Monday, 5 September 2016

Will the force be with us?

Is there a fifth force to go along with gravity, electromagnetism and the strong and weak nuclear forces? Experimental work in Hungary in 2015 looking for dark photons has recently been revisited by theorists at UC Irvine. Their analysis favours an interpretation based not on particles or dark photons but on the presence of a fifth fundamental force. I trust that alternative conclusions based on the lawnmower conjecture have been considered and eliminated.

Friday, 2 September 2016

New names

The proposed names for elements 113, 115, 117 and 118 are nihonium, moscovium, tennessine and oganesson respectively, the International Union of Pure and Applied Chemistry (Iupac) has announced. ‘It’s an exciting day for the world,’ says Lynn Soby, Iupac’s executive director.

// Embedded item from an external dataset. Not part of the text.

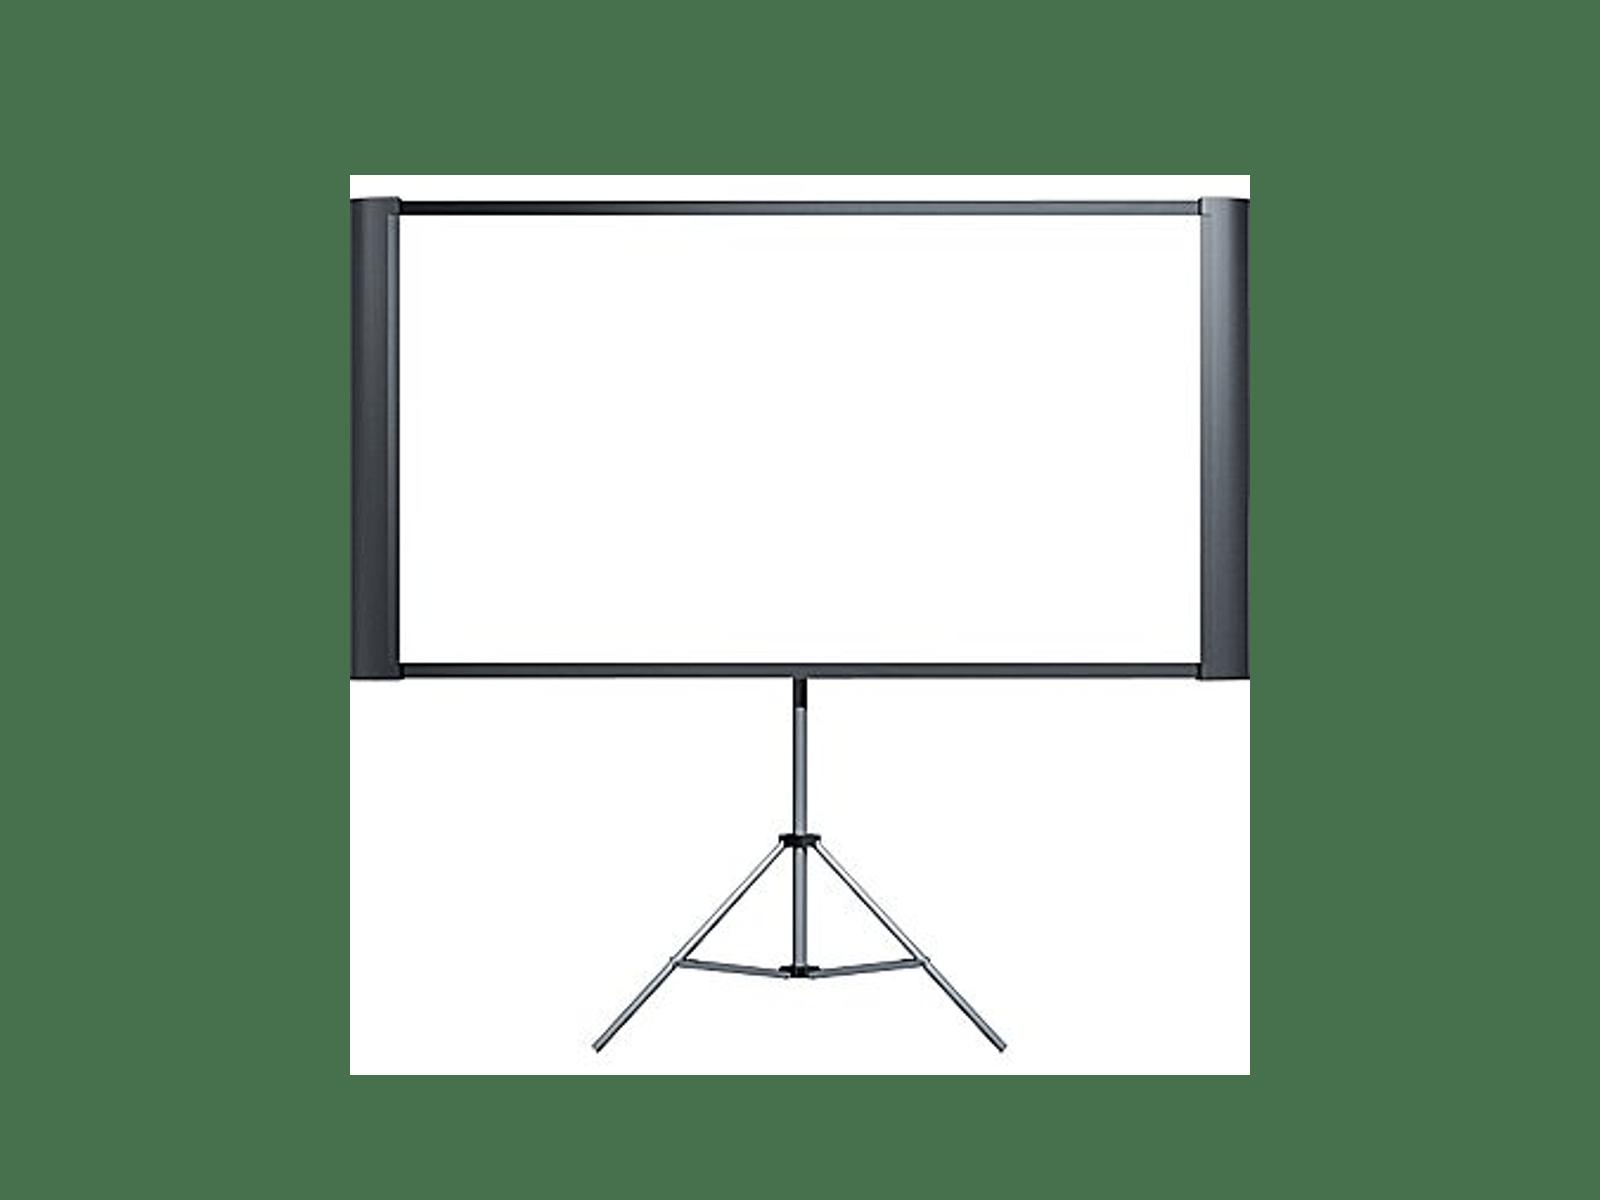 3 X 6 Projector Screen

Thursday, 1 September 2016

Thought for the month

“Success comprises in itself the seeds of its own decline and sport is not spared by this law.” Pierre, baron de Coubertin (1863 – 1937).

Wednesday, 31 August 2016

Chicken fun

The chicken is basically the hipster kid of the animal world: mostly harmless to others, it’s primarily concerned with its own narrow interests, and it’s generally looked down upon by other, supposedly more evolved species.